Exchanges are like casinos, places where the house rarely loses. So it is odd that the headlines in Hong Kong this week were about an exchange that’s just gone bust.
In a dramatic announcement last weekend the Hong Kong Mercantile Exchange (HKMEx) said it didn’t have enough cash to cover the nine months of operations required by regulators and so surrendered its licence. The shutdown was a shock. HKMEx had just celebrated its second trading anniversary and came less than six months after Hong Kong’s much older stock exchange had completed a high profile $2.2 billion takeover of the London Mercantile Exchange (LME).
On the day that HKMEx was shuttered only 200 dollar-denominated gold and silver futures contracts were outstanding. That these were the sole products offered tells the story about why the exchange has failed: it simply hadn’t been able to build critical mass. By comparison the London Mercantile Exchange reported a record 14.5 million lots traded in April. The recent collapse in gold prices may have triggered HKMEx’s demise, wrote the South China Morning Post, but it also looks to have put “a bad idea out of its misery”.
The HKMEx wasn’t considered such a bad idea when it was first mooted in 2006, setting out with a view to extending China’s influence in the global commodity markets. China might be the world’s biggest consumer of natural resources but prices for commodities continue to be set in London and Chicago. HKMEx’s founder and chairman Barry Cheung argued repeatedly that the new exchange could provide an important counterbalance.
The exchange’s backers were a roll call of big names, including the likes of China’s largest bank and shipping firm – ICBC and Cosco – and Russian commodity giant En+ Group (formerly chaired by Nathaniel Rothschild, a scion of the world’s most storied banking family). Cheung himself has a pretty impressive CV, running Hong Kong’s Urban Renewal Authority which controls the largest urban land reserve in the city. He was also Hong Kong Chief Executive CY Leung’s campaign manager during last year’s rancorous election (see WiC144). On the commercial side, the former McKinsey executive previously chaired Russian energy heavyweight UC Rural and sits on the board of Gateway Energy, the Asian unit of EIG Global Energy, which manages $10 billion worth of natural resources assets.

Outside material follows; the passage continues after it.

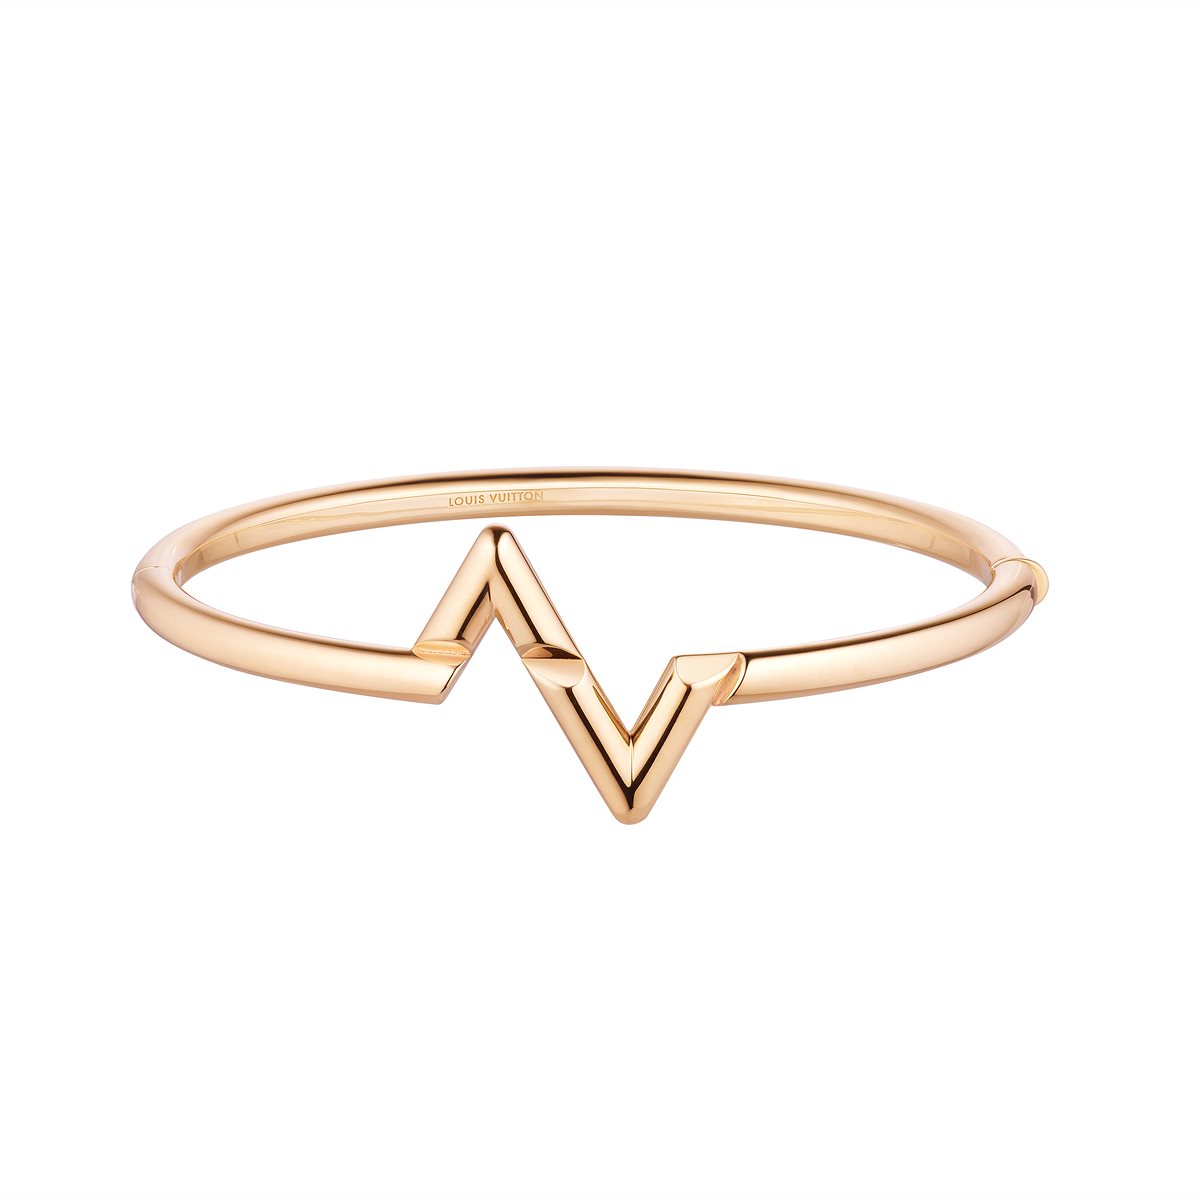 LV_LV VOLT_Upside Down bracelet in pink gold

Cheung’s fall from grace has been equally spectacular. On Tuesday, Hong Kong police raided HKMEx’s offices and arrested four people on allegations of falsifying accounts. Cheung’s position in Hong Kong’s cabinet – known locally as ExCo – has also been suspended pending the investigation. The implosion now has the territory buzzing with conspiracy theories, with Sing Tao Daily describing HKMEx’s collapse as a “magnitude-7 earthquake” that further weakens the territory’s leader Leung, given his close relations with Cheung.

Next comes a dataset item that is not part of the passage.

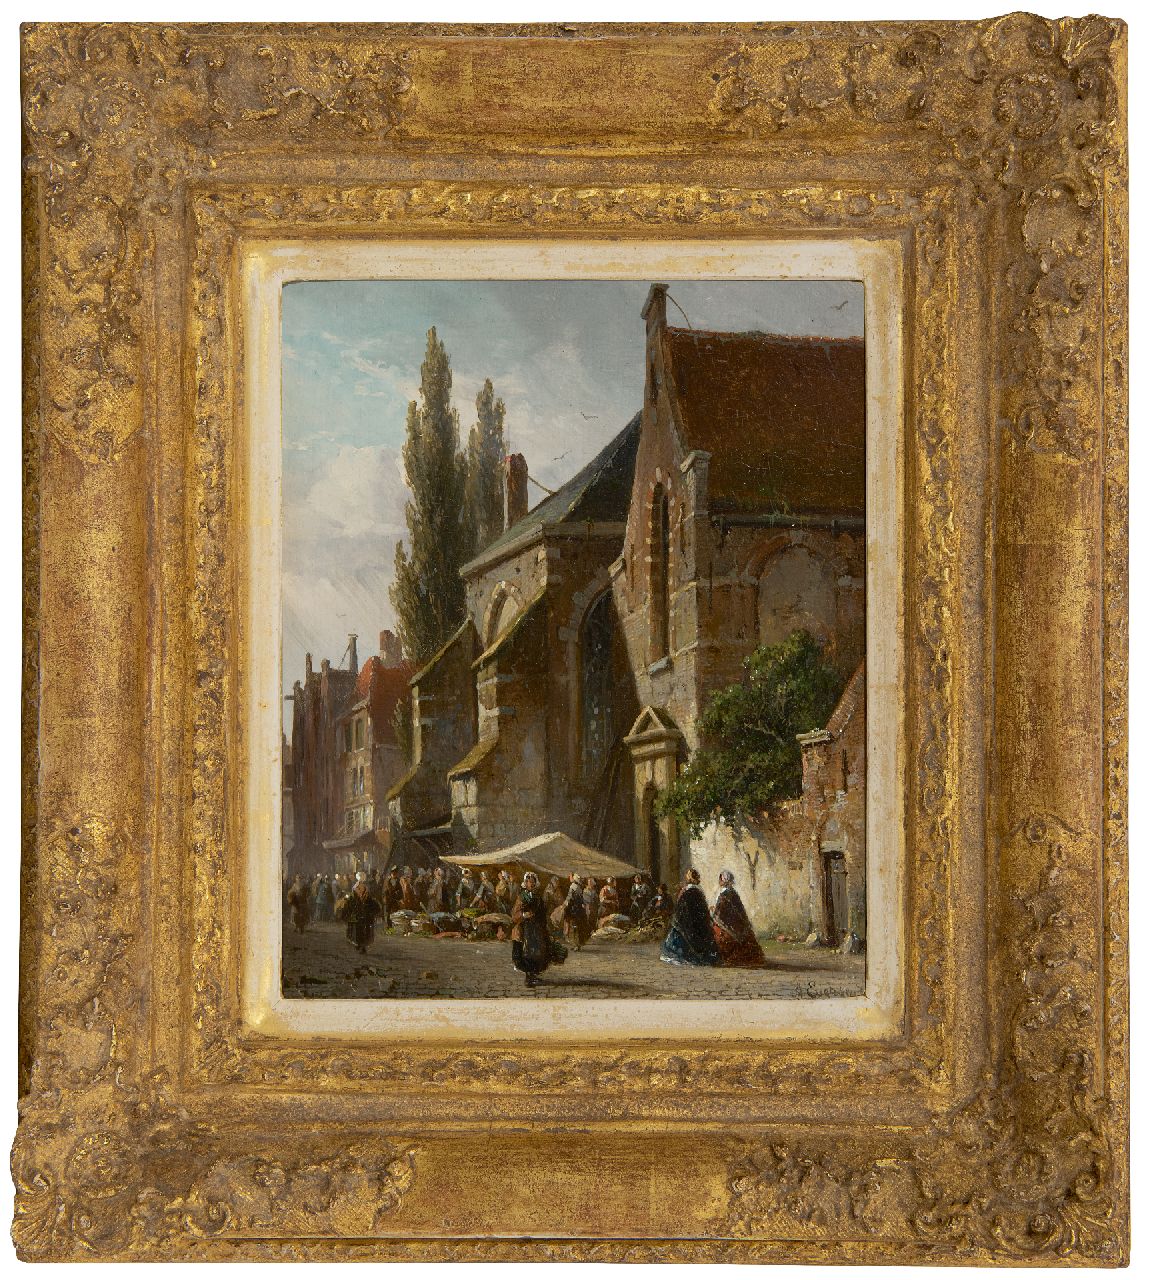 Eversen A.  | Adrianus Eversen | Schilderijen te koop aangeboden | Marktdag bij de kerk, olieverf op paneel 19,0 x 15,3 cm, gesigneerd rechtsonder

While commodities markets have barely blinked at the HKMEx’s closure, its impact in Hong Kong has been huge. Political fallout aside, the failure of an exchange is a major embarrassment for Asia’s top financial centre.
Some media preferred to dwell on the exchange’s flawed business plan. For example, the Hong Kong Economic Times noted that HKMEx’s hopes of breaking into oil futures weren’t supported by Beijing. Chinese oil importers were already using commodity exchanges in Shanghai, Dalian and Zhengzhou, while international players preferred the more established LME. HKMEx had no competitive advantage in futures contracts in this key commodity.

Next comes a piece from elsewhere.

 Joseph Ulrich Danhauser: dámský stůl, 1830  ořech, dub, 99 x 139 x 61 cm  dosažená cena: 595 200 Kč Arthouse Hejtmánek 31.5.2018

Worse, competition from exchanges in China itself has been increasing. The Xinhua Mercantile Exchange (XME) opened this month in China’s oil capital, Daqing. The new venture – part of the Xinhua News Agency – aims to provide spot trading on fuel oil and methanol, with the XME forecasting that trading value will reach Rmb30 billion ($4.8 billion) this year before rising to more than Rmb80 billion by 2015. The Beijing Petroleum Exchange may also offer fresh products later this month, according to the China Business Journal.